# REQUIRED WORK
Output, exactly as written, the lines below from the one that has "Wooden Egg Shaker - Select" through the one that has "Analysis of Historic"; nothing else, and no pictures.

# EXTRACTED MATERIAL

----------

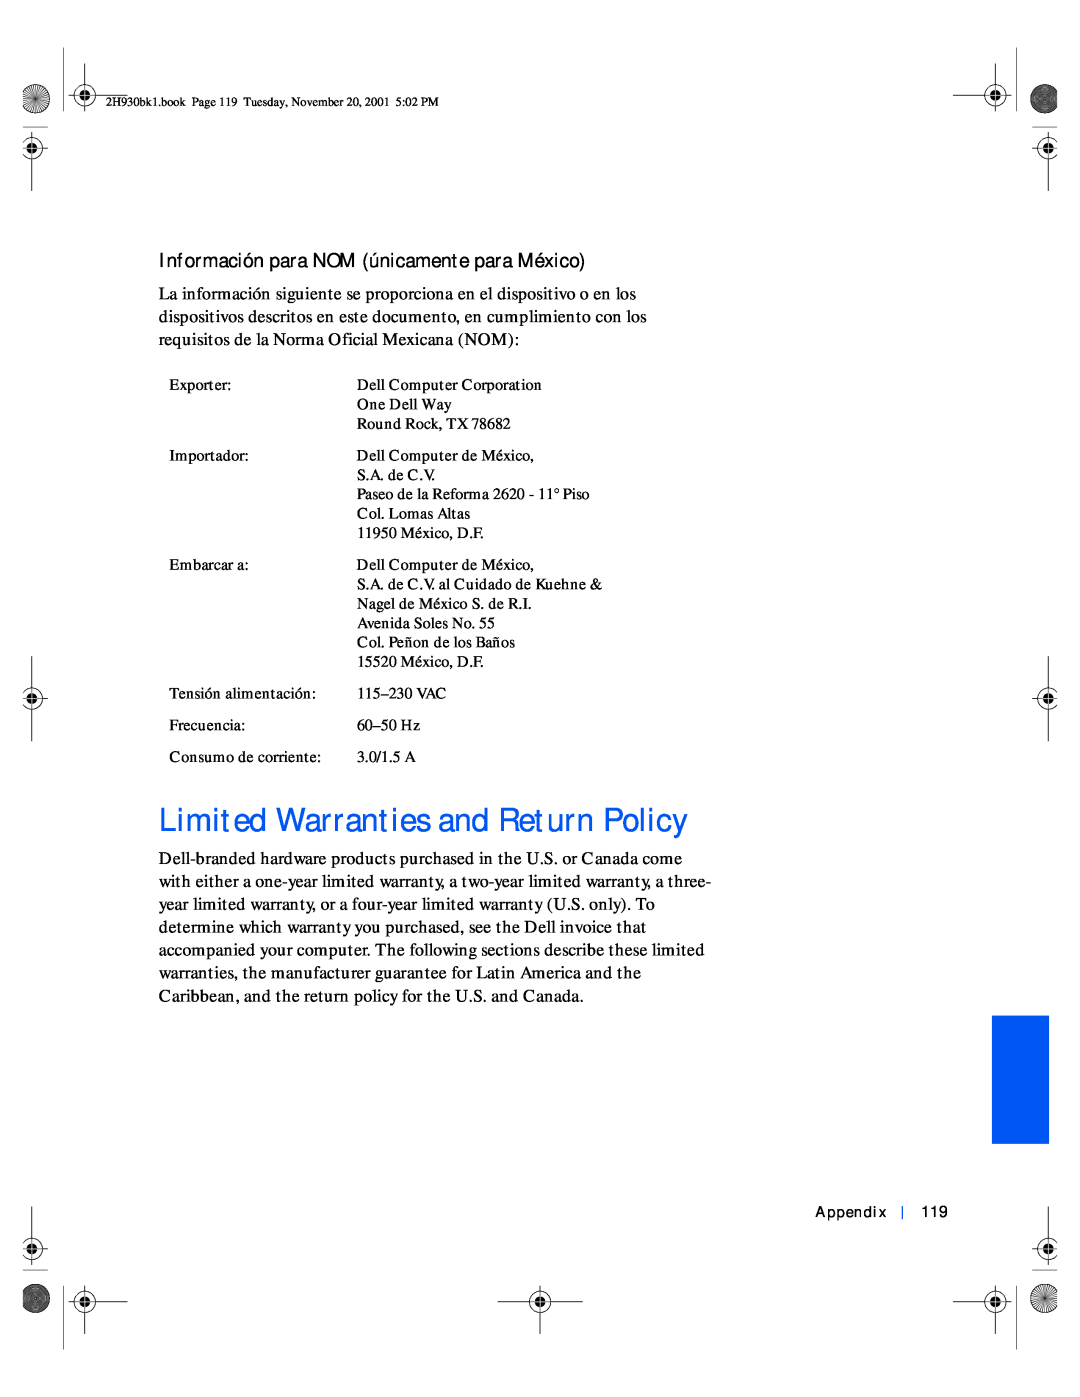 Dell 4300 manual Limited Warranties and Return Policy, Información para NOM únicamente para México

----------

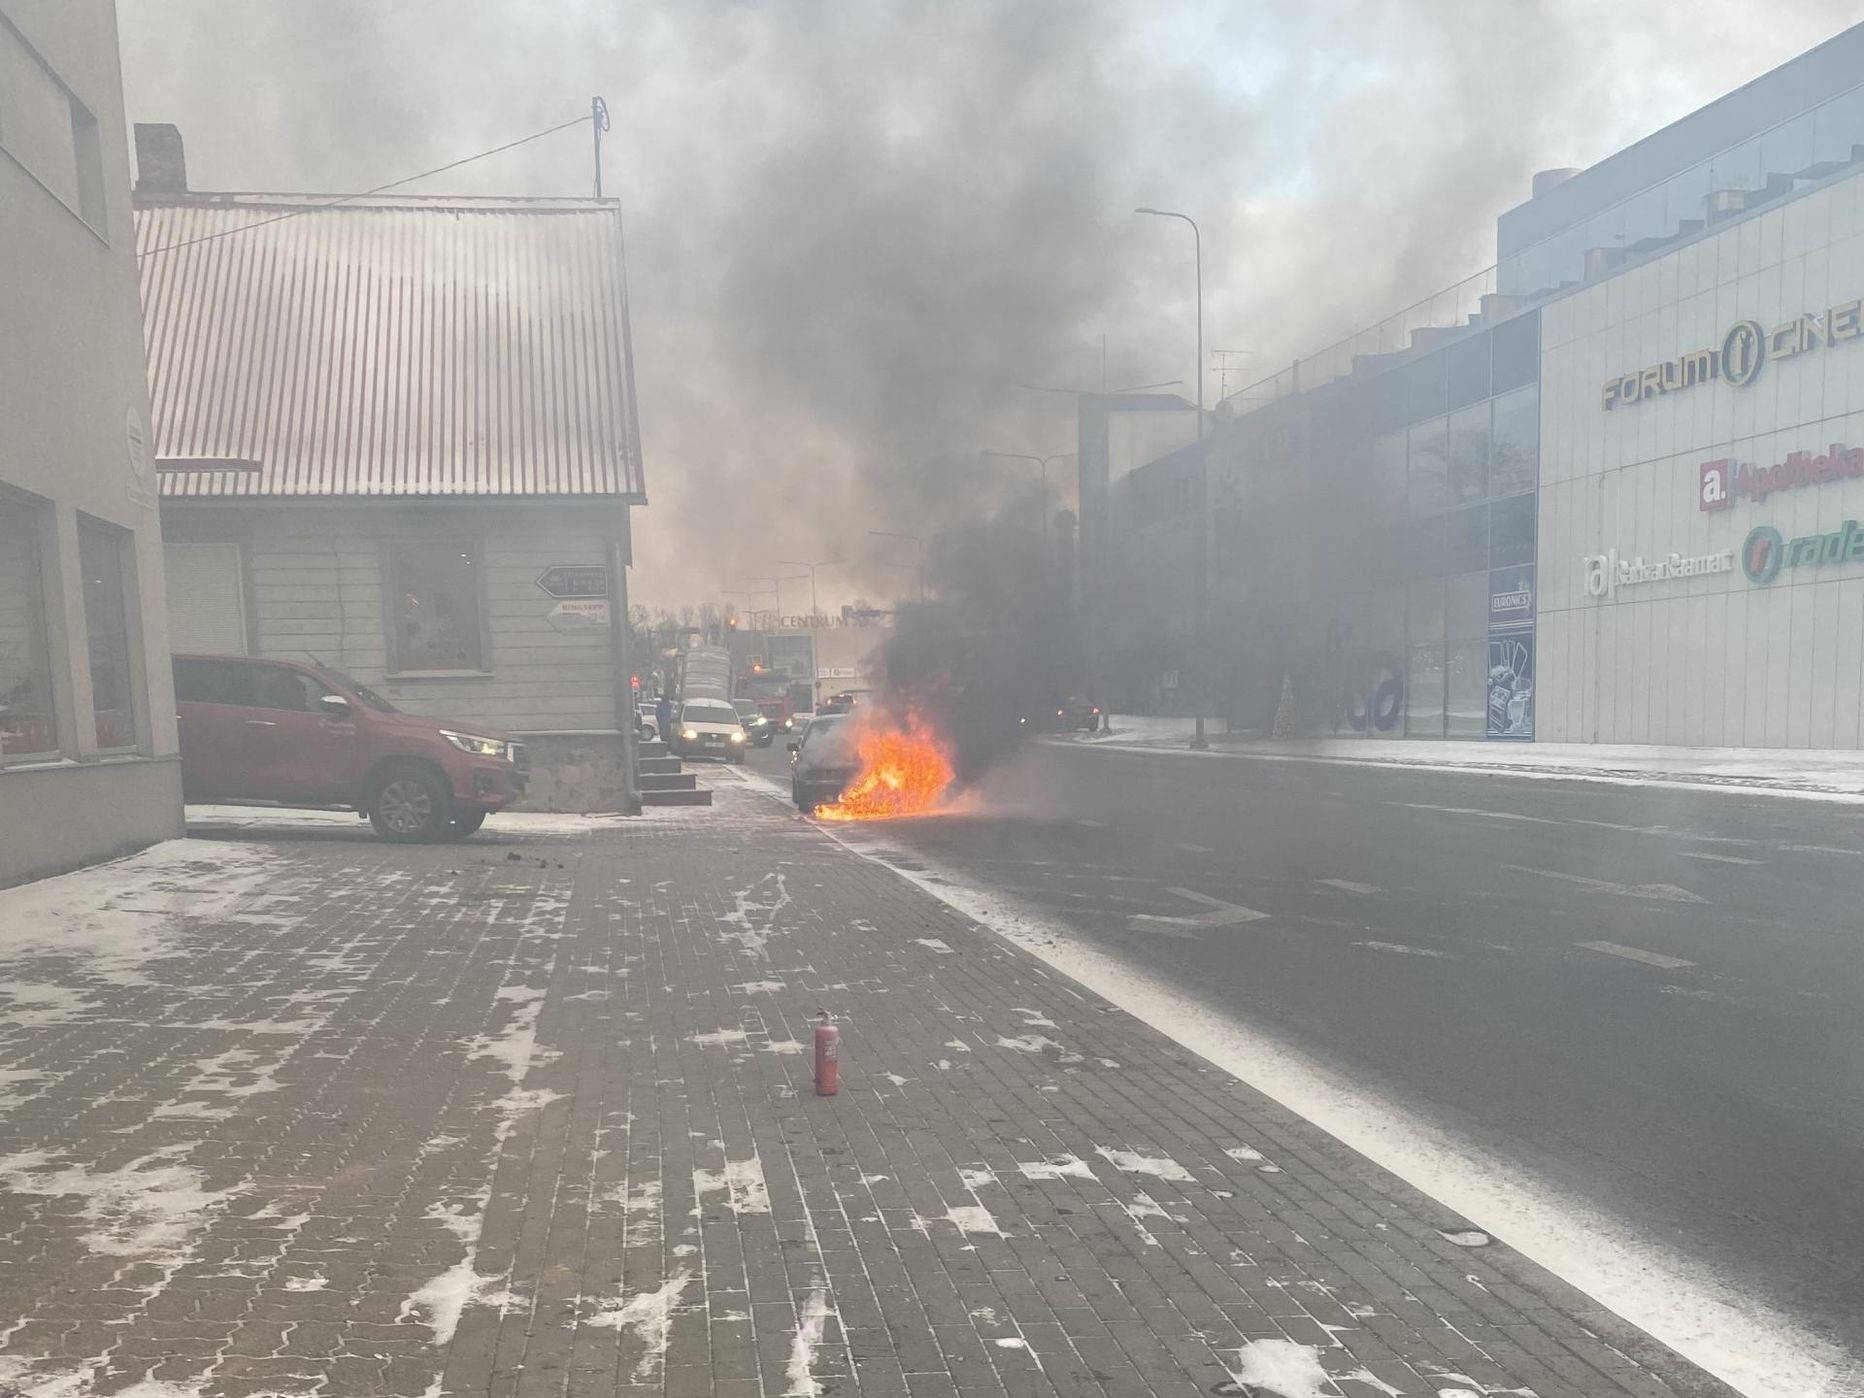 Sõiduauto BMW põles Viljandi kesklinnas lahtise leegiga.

----------

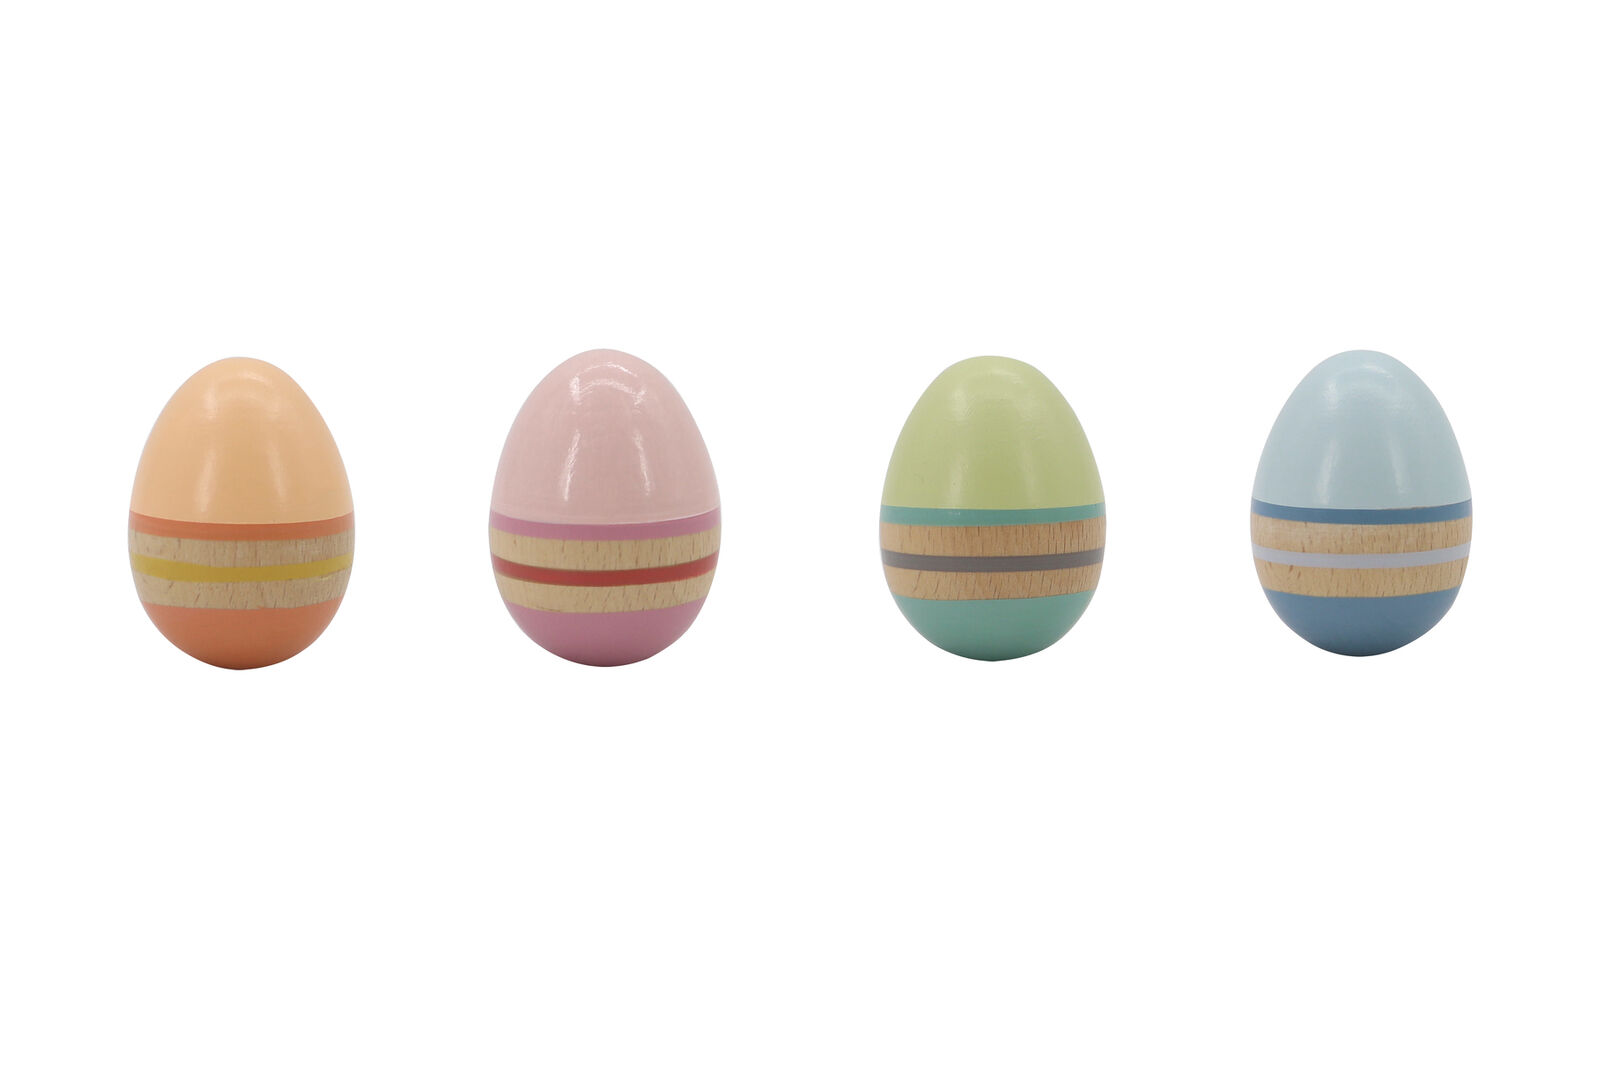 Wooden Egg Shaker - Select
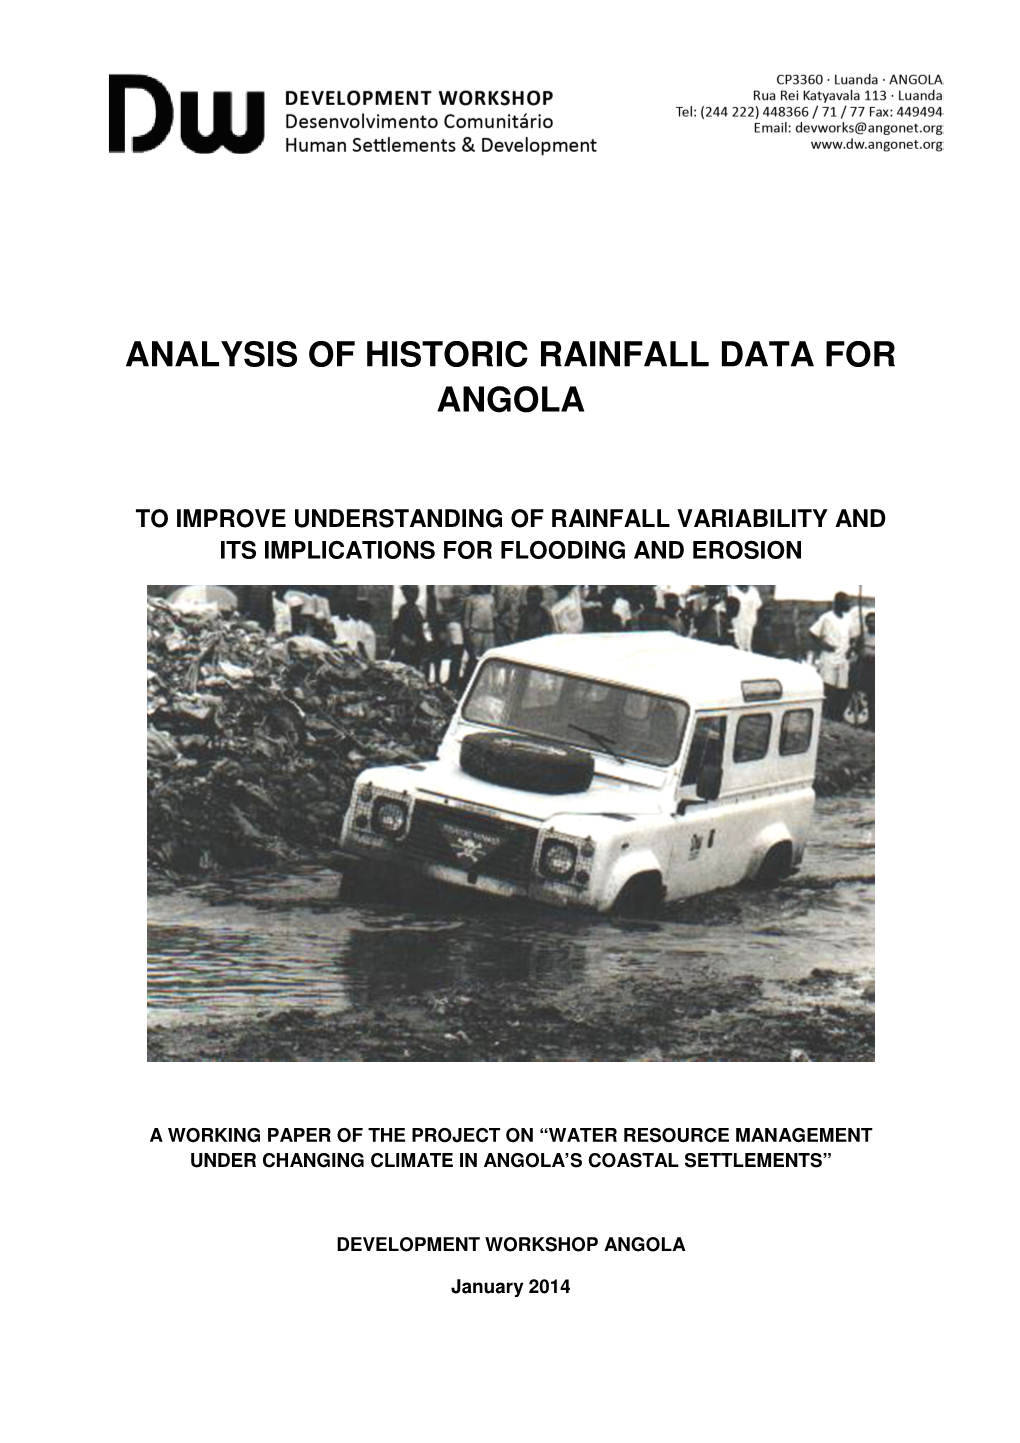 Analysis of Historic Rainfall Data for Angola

----------

# ANSWER FOR THIS EXERCISE
 Wooden Egg Shaker - Select
 Analysis of Historic Rainfall Data for Angola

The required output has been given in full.